Далеко позади остался холм пира и казни — Текучская горка, отныне памятная в веках. Отряды шли лесом, Тигечскими кодрами, главной зеленой крепостью Молдовы. Дорога, скорее угадываемая опытными войниками, чем видимая, тянулась под сенью гигантских дубов и елей, богато убранных снежными позументами и гирляндами пушистой изморози. Холмы и долы страны сковал мороз, бодрящий холод зимней дороги отгонял от путников усталость. Мягкие лапы елей сбрасывали им на шапки и шубы пышные перья своего январского наряда. Перед людьми, пересекая тихие поляны, то и дело проплывали в белом безмолвии могучие темные тени. Это шли по собственным тайным тропам стада неукротимых во гневе зубров. И четверо белых верблюдов взирали на них с величавым презрением, прикрыв пушистыми ресницами надменно-мечтательные глаза. Горбатые дети азиатских просторов были частью личной доли пана Иоганна Германна в турецкой добыче; старый пушкарь послал их в Белгород, в подарок брату Петру.
— Скотина, а истый сын Востока, — заметил как-то мессир де ла Брюйер, с восхищением глядя снизу вверх на белого питомца полуденных пустынь.

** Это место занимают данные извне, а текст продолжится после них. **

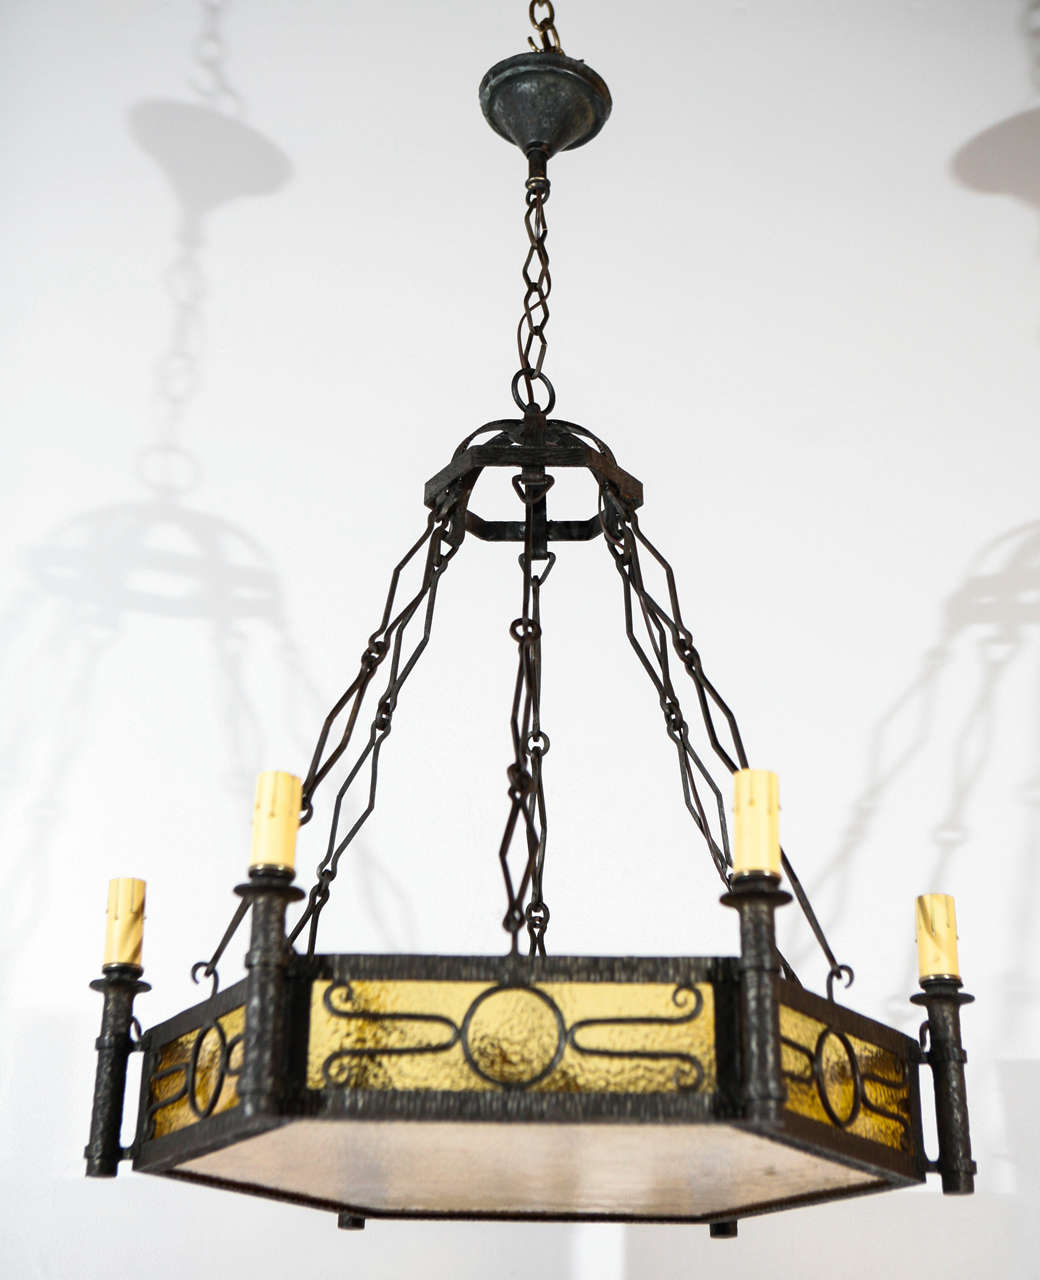 Cast iron French chandelier newly rewired with six standard sockets, each of which can take a 75 watt bulb. New glass, glass can be sandblasted. Two available.

Французский рыцарь не всегда оправдывал веселую славу своих соплеменников: довольно часто мессир Гастон подолгу и хмуро молчал, погружаясь в собственные думы о невеселом и чем-то горьком, о чем не рассказывал полюбившимся товарищам. Но еще чаще его звонкий смех разносился среди лесных великанов, рождая в дебрях пещерное эхо, и храбрый ла Брюйер в такие часы был настоящим французом. По вечерам у походного костра, где жарились добытая воинами косуля или кабан, лотарингец внимал свирели молдавского войника, и слышалось ему в ее песне журчание быстрого горного ручья: цари и царства гибнут, прослывшие вечными города рушатся и зарастают полынью, горный же ключ, как он ни мал, все так же звенит себе среди камней. За свирелью начинала свою повесть волынка; в ее жалобах звучали голоса зимнего кодра — непролазного, темного, и волчий вой на лунных полянах среди снегов, и одиночество запоздалого путника. Но вот волшебный инструмент брал другой темп, теперь его песня звенела с прежней грустью, но воинственно и сурово. Песня-жалоба становилась мужественной пляской войника. Это была дойна.
Персивале ди Домокульта с любопытством осматривался по сторонам, знакомясь с дивными для себя местами, а на привалах прилежно заносил свои впечатления в книжицу: золотые надежно собираются в сундуках, а воспоминания — в записях, сведения о дальних, плохо известных в родной Италии странах — тот же капитал. Юнис-бек молчал.
Так и ехали они сквозь бескрайние леса: старшие рыцари, итальянец и лотарингец — в беседах и спорах, юный победитель и его гость — в молчании. Только на последнем привале, уже за пределами кодра, разговор у костра стал всеобщим, когда мессир Гастон опять начал комично жаловаться на замкнутый образ жизни местных боярышень и боярынь.